Но когда сон наваливается оттого, что кровь человека медленно и совсем незаметно начинает застывать от стужи, — это страшно. Это как наркоз: не остается ничего, что может встряхнуть, поднять из каких-то неведомых глубин, куда человек стремительно падает. Спасти может только воля, если она есть и если она сильнее, чем действие неощутимого наркоза.
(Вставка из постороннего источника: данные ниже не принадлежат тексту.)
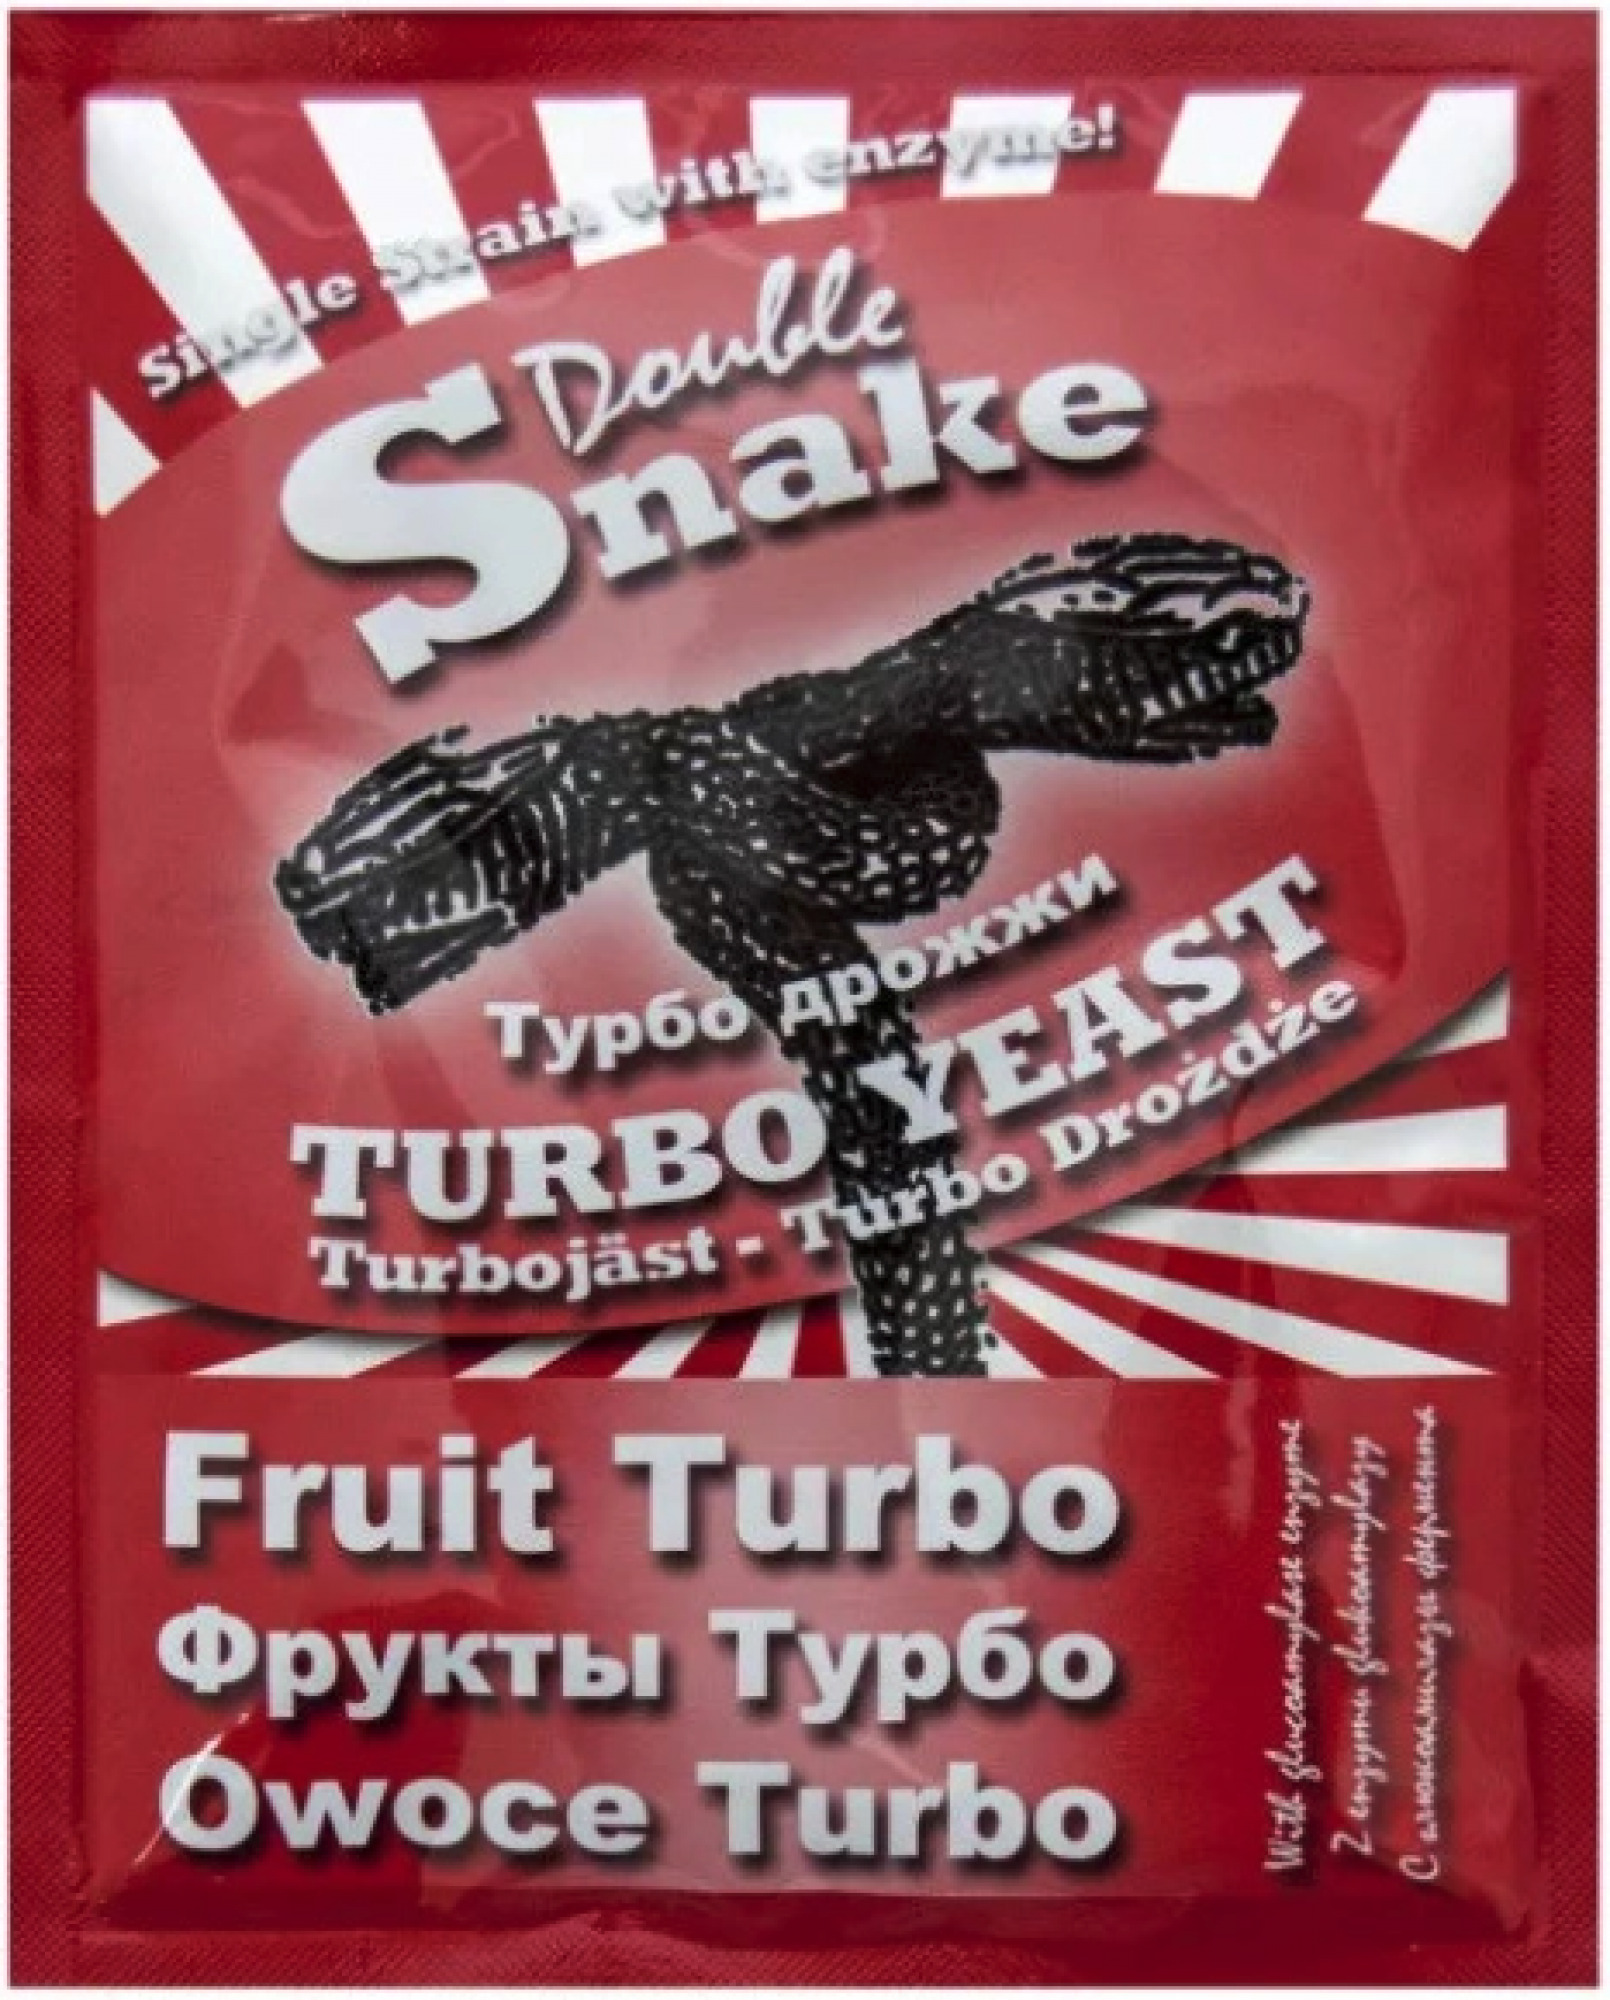 Дрожжи дабл снейк. Турбо дрожжи Puriferm Fruit. Дрожжи Double Snake Fruit Turbo. Турбо дрожжи DOUBLESNAKE Fruit Turbo (49г). Турбо дрожжи "Leyka Fruit" 68гр.

Однако наступает момент, когда даже и сильный духом человек вдруг перестает владеть собой. Кому хоть раз в жизни доводилось замерзать, тот знает, что это такое. Вначале все твои чувства обострены до предела. Ты думаешь только об одном: ни одной секунды без движений. Если нельзя ходить, надо топать ногами, размахивать руками, сжимать и разжимать пальцы, в общем — все что угодно, только не оставаться неподвижным. В этом спасение. Приходят на память десятки случаев, о которых ты слышал: один замерз потому, что разрешил себе «маленько передремнуть», другой присел на минуту перекурить да так и застыл с папиросой в руке, третий прислонился спиной к дереву, закрыл глаза, задумался, вспомнил, может быть, о чем-то хорошем из своего прошлого — его нашли с застывшей улыбкой на губах.

Нет, нет, нельзя поддаваться этому страшному наркозу, надо быть все время начеку.

Быть все время начеку… Это очень утомляет. Словно ты выполняешь тяжелую работу или решаешь трудную задачу. У тебя возникает желание послать все к черту, закрыть глаза и хоть на минутку забыться. Хорошо ведь подумать о теплой печурке, в которой полыхают сухие березовые дрова, о горячем песке у синего моря, где ты когда-то лежал, подставив спину солнцу… Плывут пароходы, летят чайки, шумят волны…

Проходит минута, другая — время становится нереальным. Все, что было давно, кажется не прошлым, а настоящим. Все словно происходит сейчас. Ты и не спишь, и не бодрствуешь — ты замерзаешь. И пока не поздно, встряхнись. Выйди из оцепенения, иначе… Иначе ты никогда из него не выйдешь.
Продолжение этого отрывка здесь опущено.